Write out the lines of the material below exactly, beginning at the line with "Filter by Form" and stopping after the line with "Natural Aquamarine 3mm", and leave out the pictures.
==== DATA TO EXAMINE
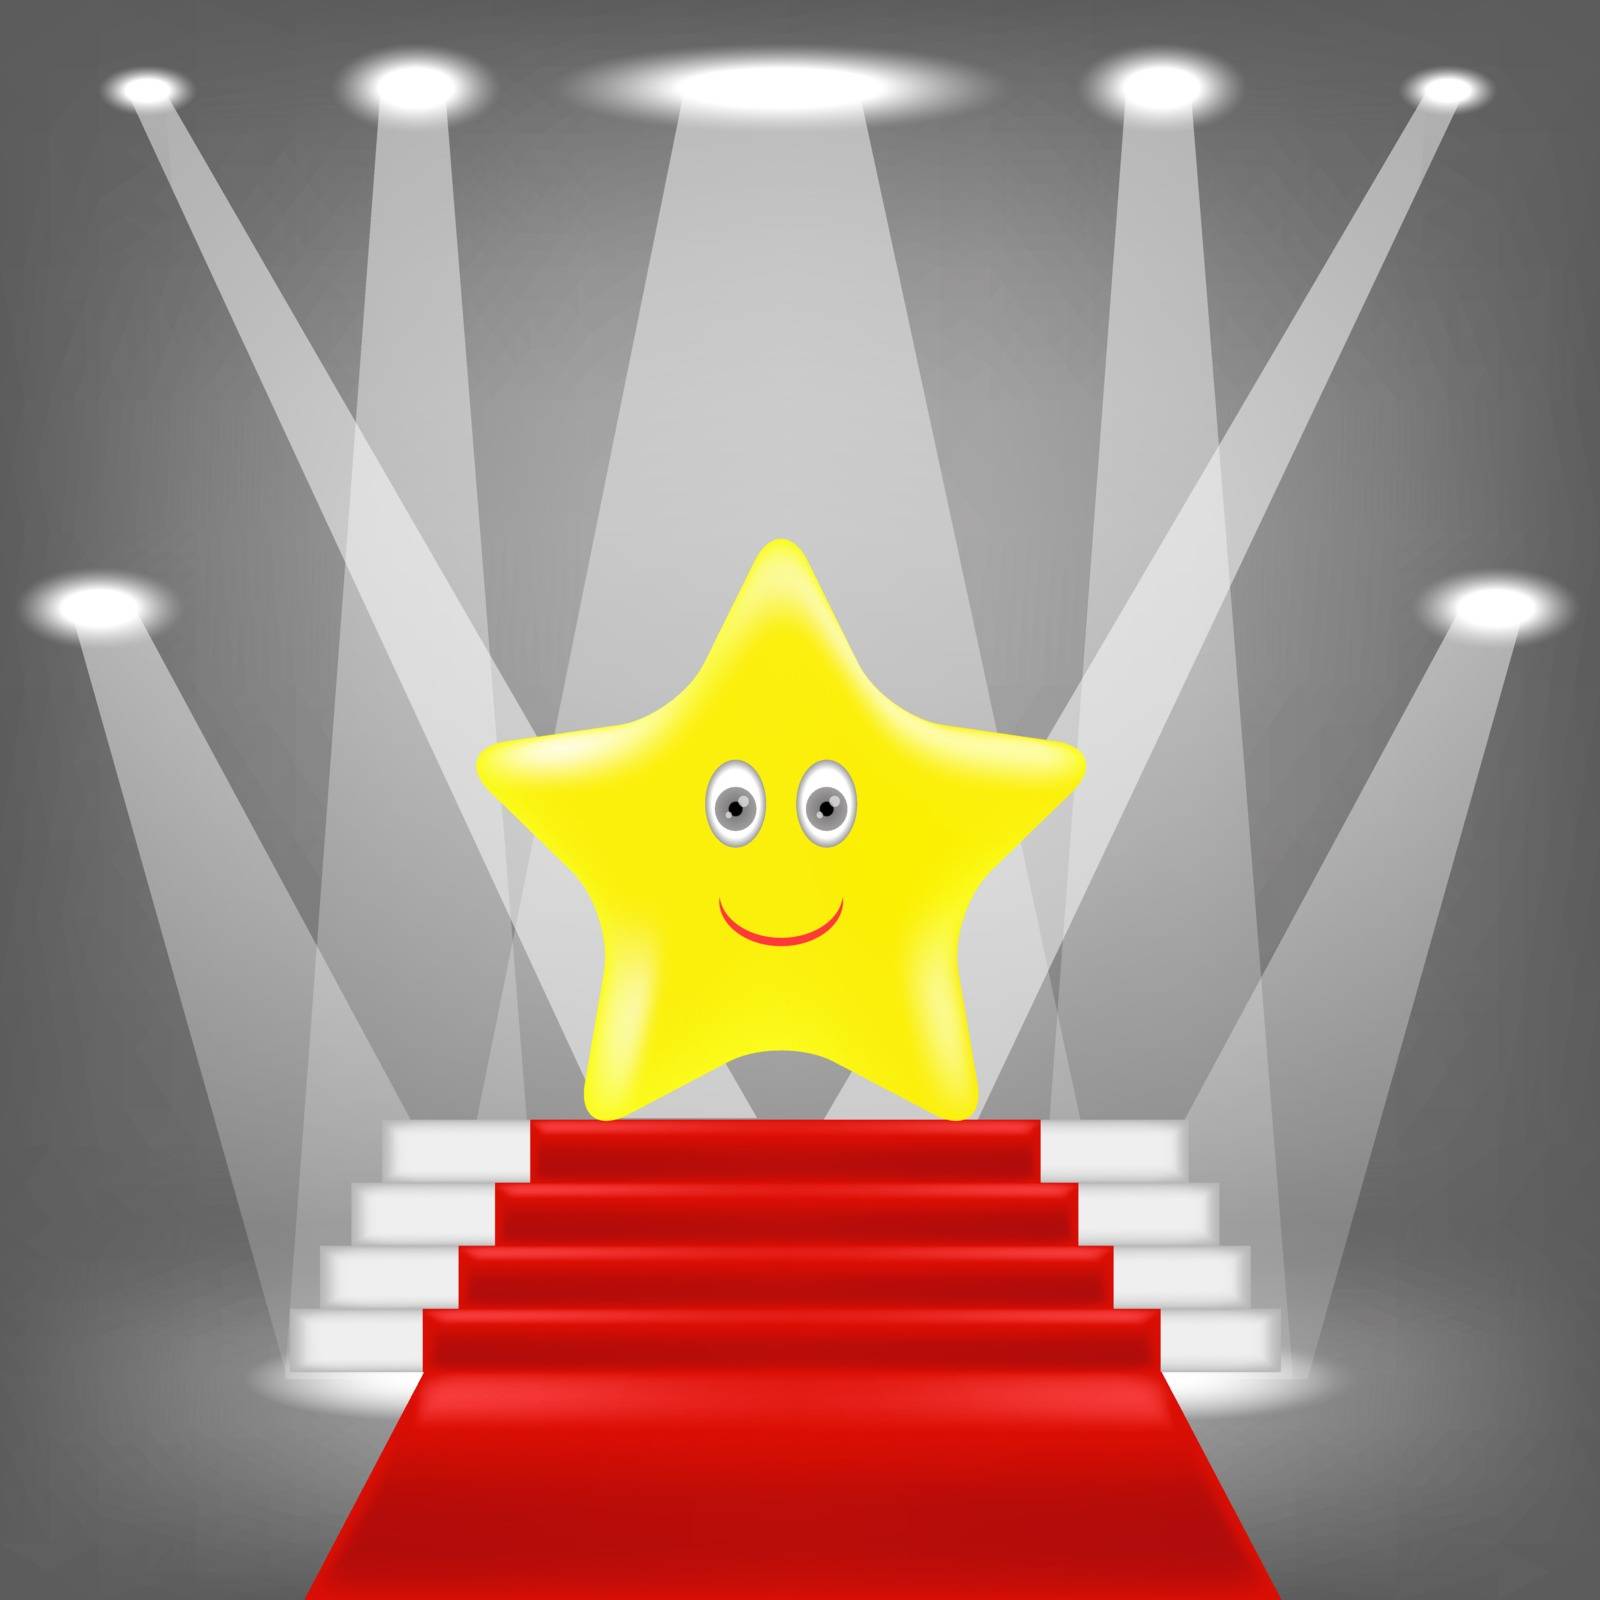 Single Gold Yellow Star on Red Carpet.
========
==== DATA TO EXAMINE
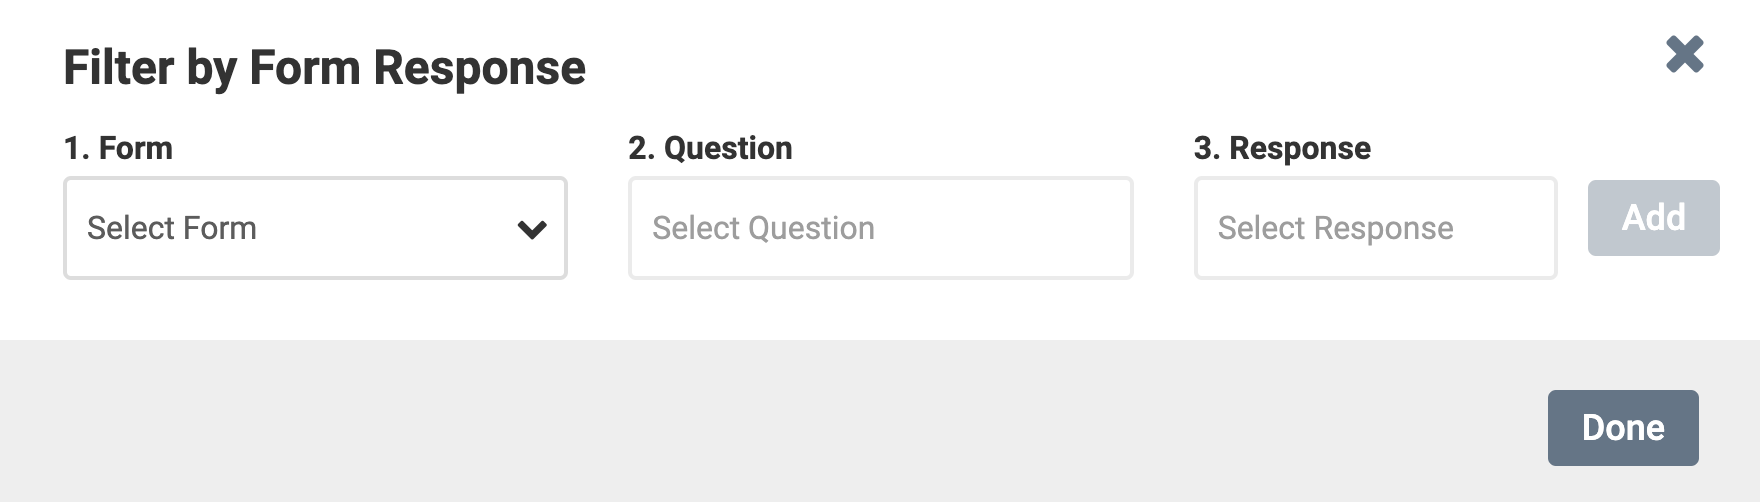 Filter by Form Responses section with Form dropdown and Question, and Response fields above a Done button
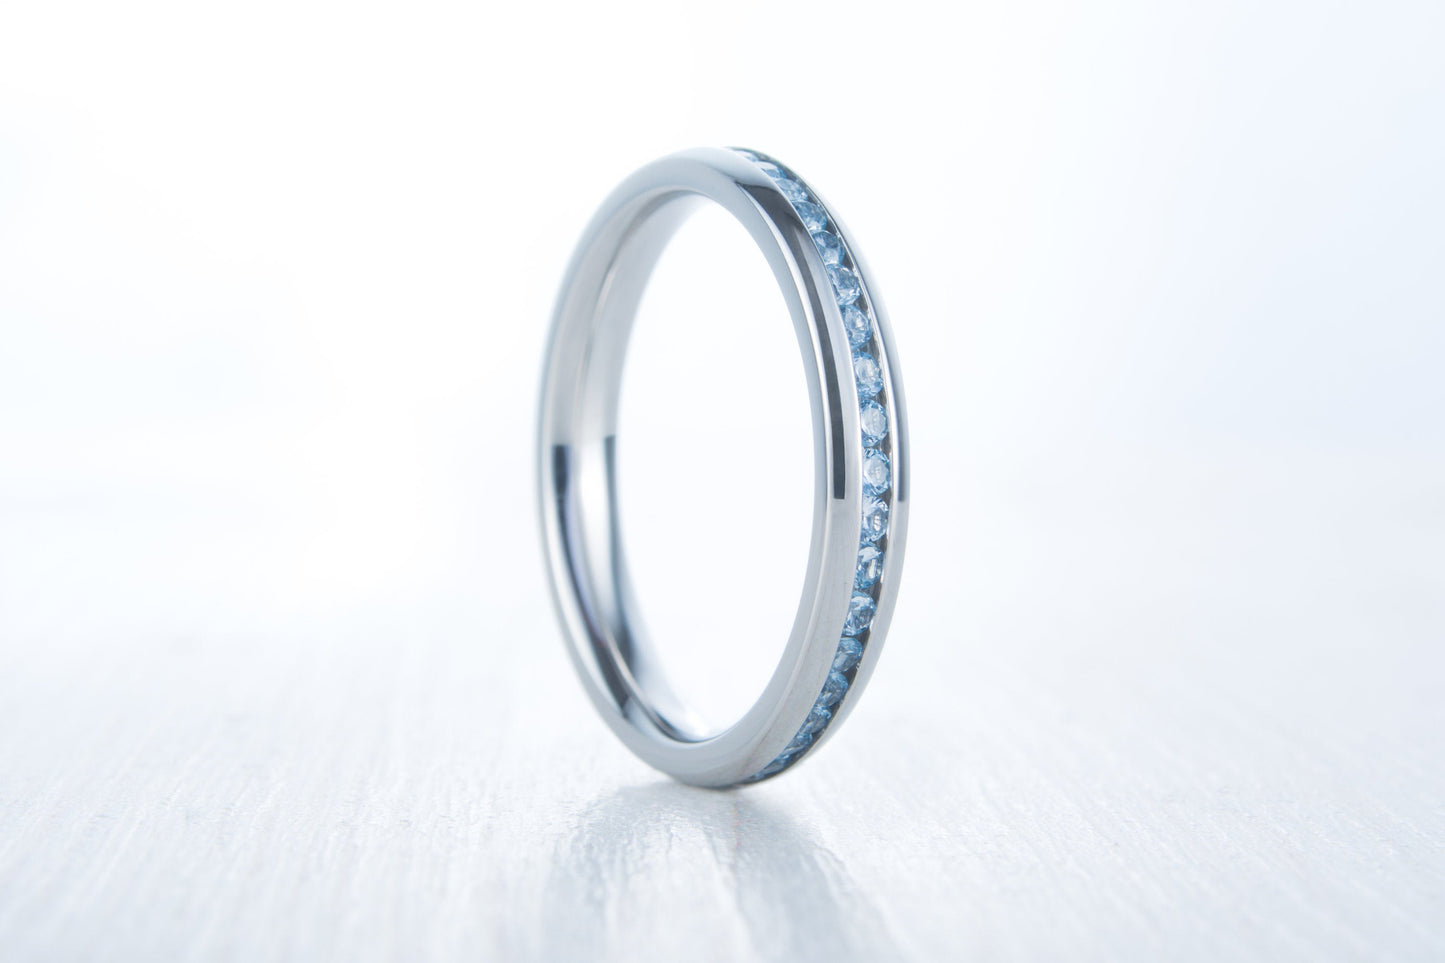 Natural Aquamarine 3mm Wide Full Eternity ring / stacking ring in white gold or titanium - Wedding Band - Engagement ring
========
> [ANSWER TO THIS EXERCISE]
 Filter by Form Responses section with Form dropdown and Question, and Response fields above a Done button
 Natural Aquamarine 3mm Wide Full Eternity ring / stacking ring in white gold or titanium - Wedding Band - Engagement ring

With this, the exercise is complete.